Unfortunately, the ratio of unimportant and mistaken additions to reasonable additions exhibited by
document FR89512-0147 is not unusual. WordNet - and English - are rich enough such that it is likely for
two words in a text to be synonyms of (different senses of) a third word. Using additional lexical relations
compounds this problem: the experiments we conducted on smaller collections show a marked degradation
in effectiveness if any any of the other relations represented in WordNet are used in addition to synonymy
to expand a concept.
5 Conclusion
We have demonstrated a fully automatic, statistical expansion technique that is capable of improving the
effectiveness of some queries relative to a corresponding unexpanded collection for a large, full-text collection.

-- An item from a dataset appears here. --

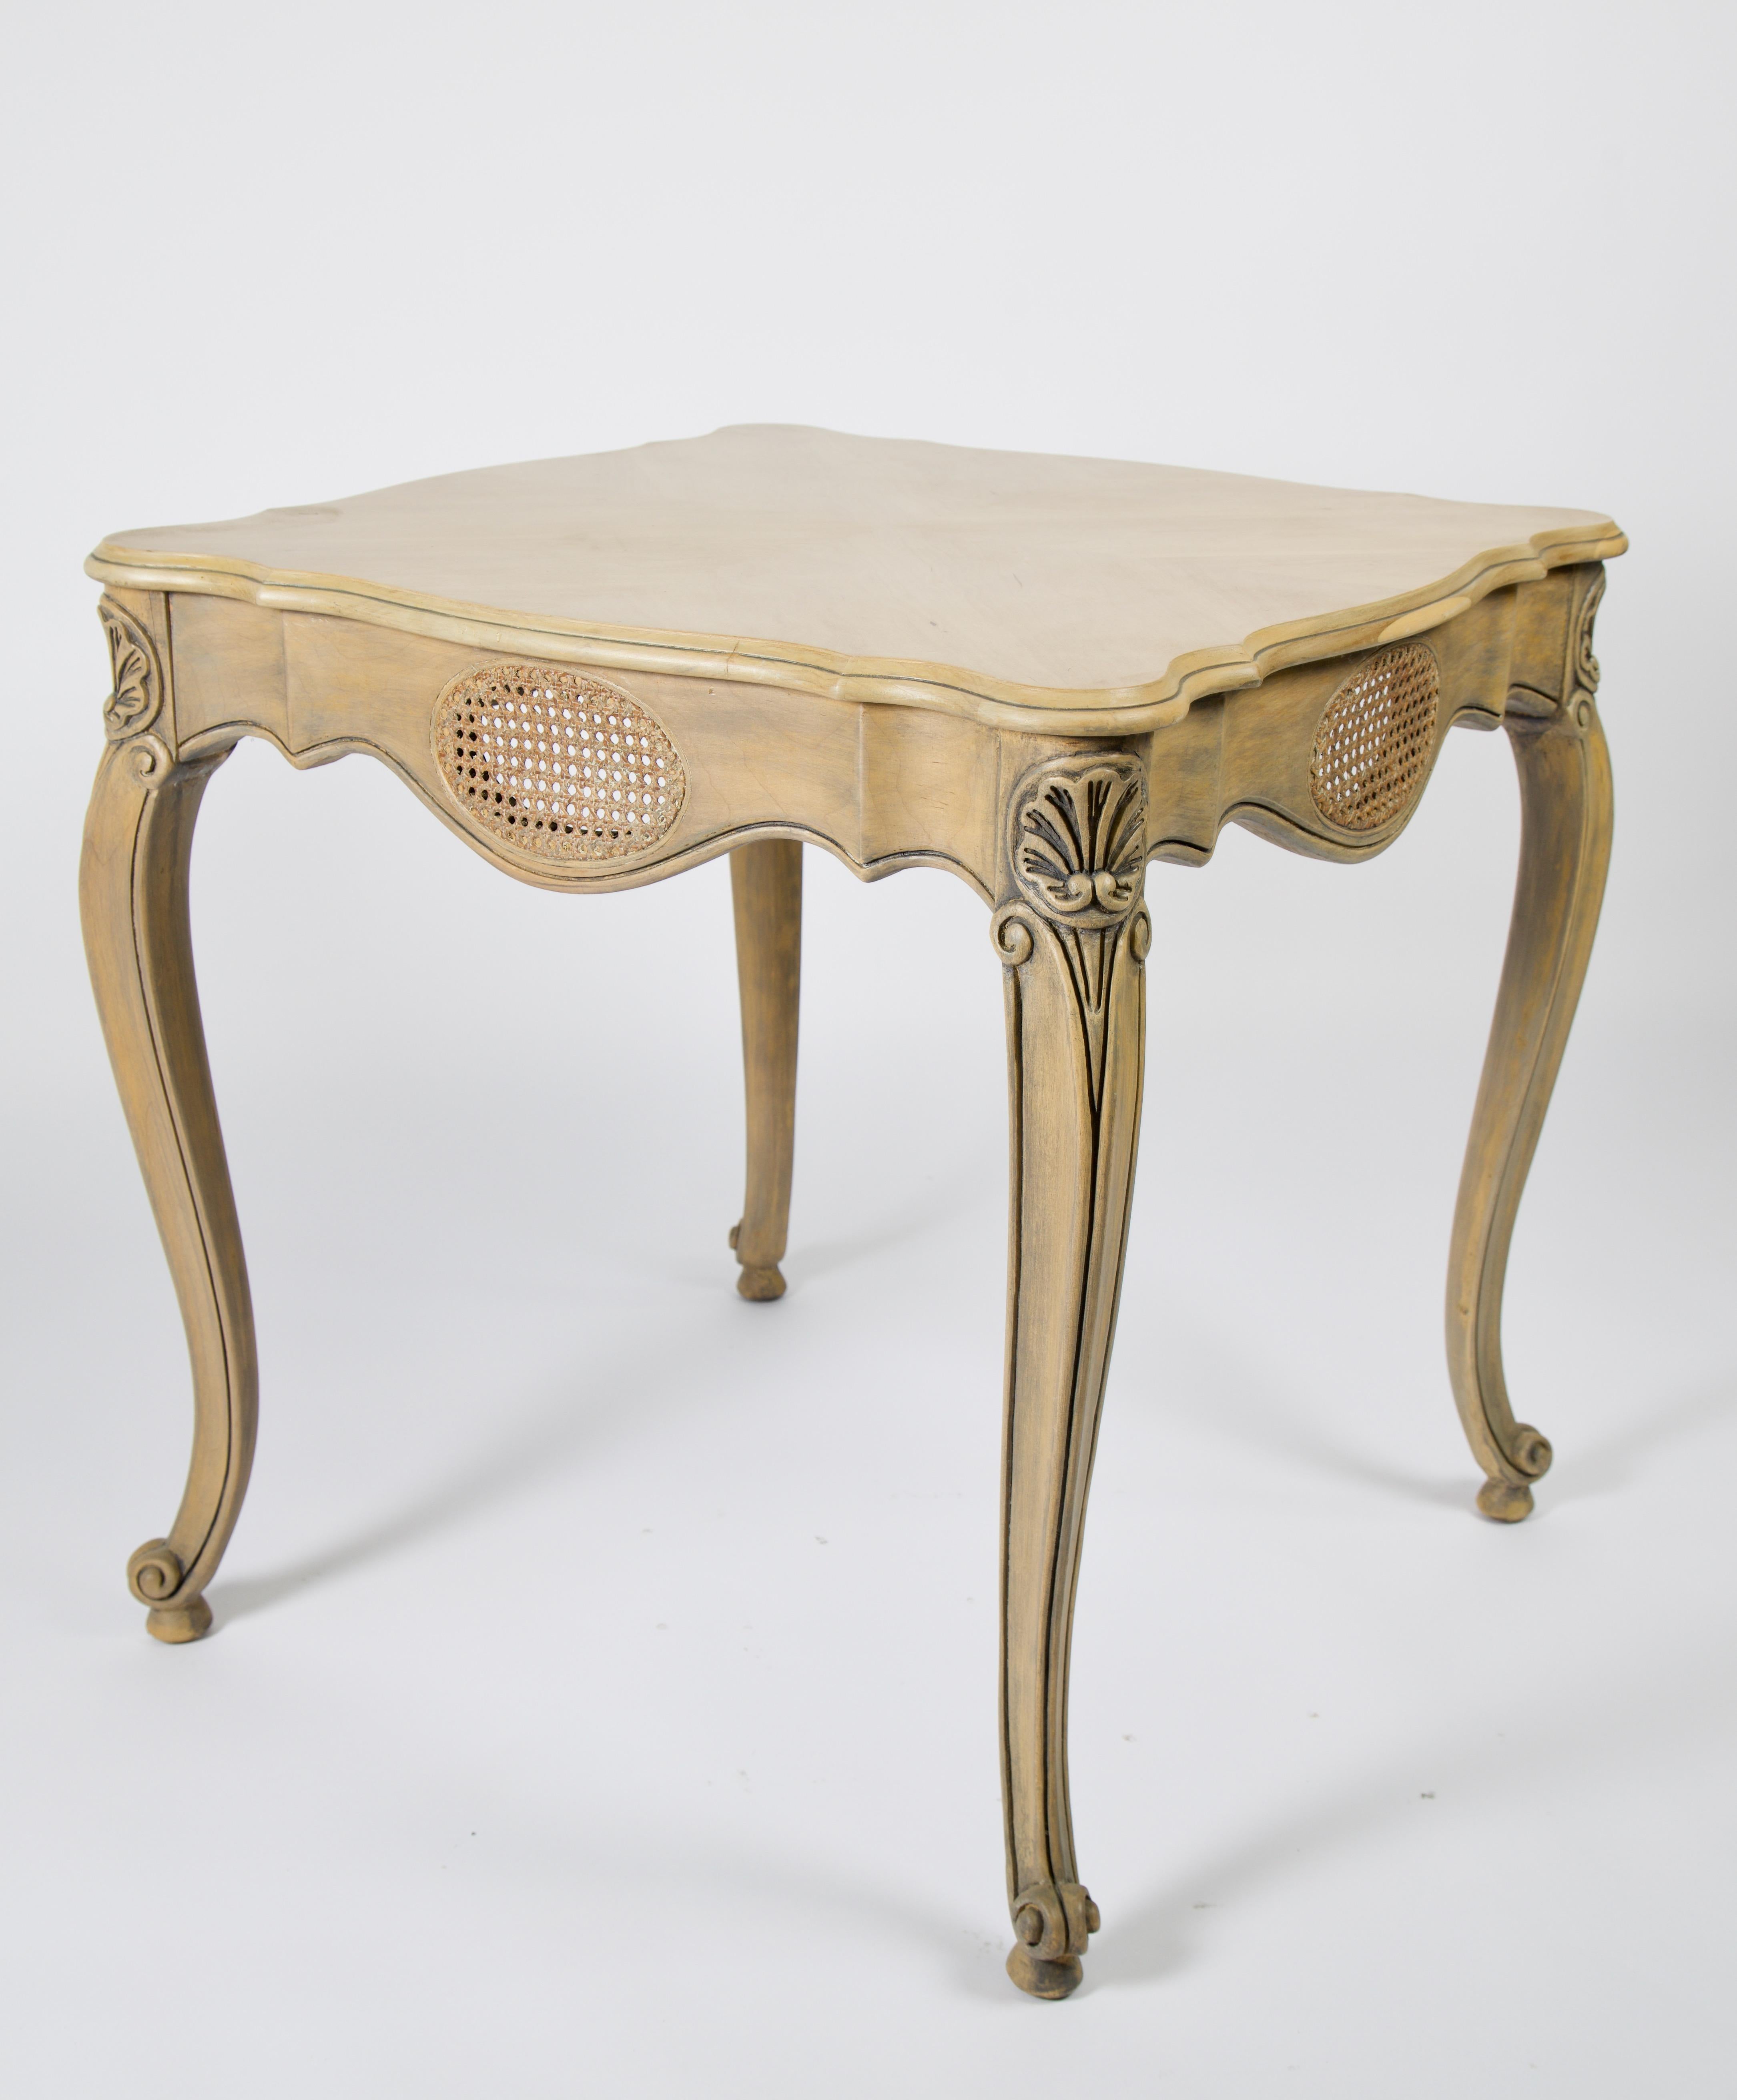 A set of French Provincial side tables. These have been stripped of the original finish and bleached with details enhanced in black. Beautiful book match veneer top and solid hardwood construction with elegant cabriole legs. The bleached wood

The overall effectiveness of the technique is competitive with other retrieval methods. However, the technique
is hampered by its unpredictability, which has at least three sources:
* errors in selecting the correct sense, and therefore the correct relatives, of a text word,
* no determination of the relative importance of a word to the text before deciding to expand it, and
* the complex interaction between expansion and term weighting.
Since we believe the disambiguation of word senses to be the most fundamental of these three problems, and
also useful in its own right, our current research lies in this direction.
References
[1] Chris Buckley. Implementation of the SMART information retrieval system. Technical Report 85-686,
Computer Science Department, Cornell University, Ithaca, New York, May 1985.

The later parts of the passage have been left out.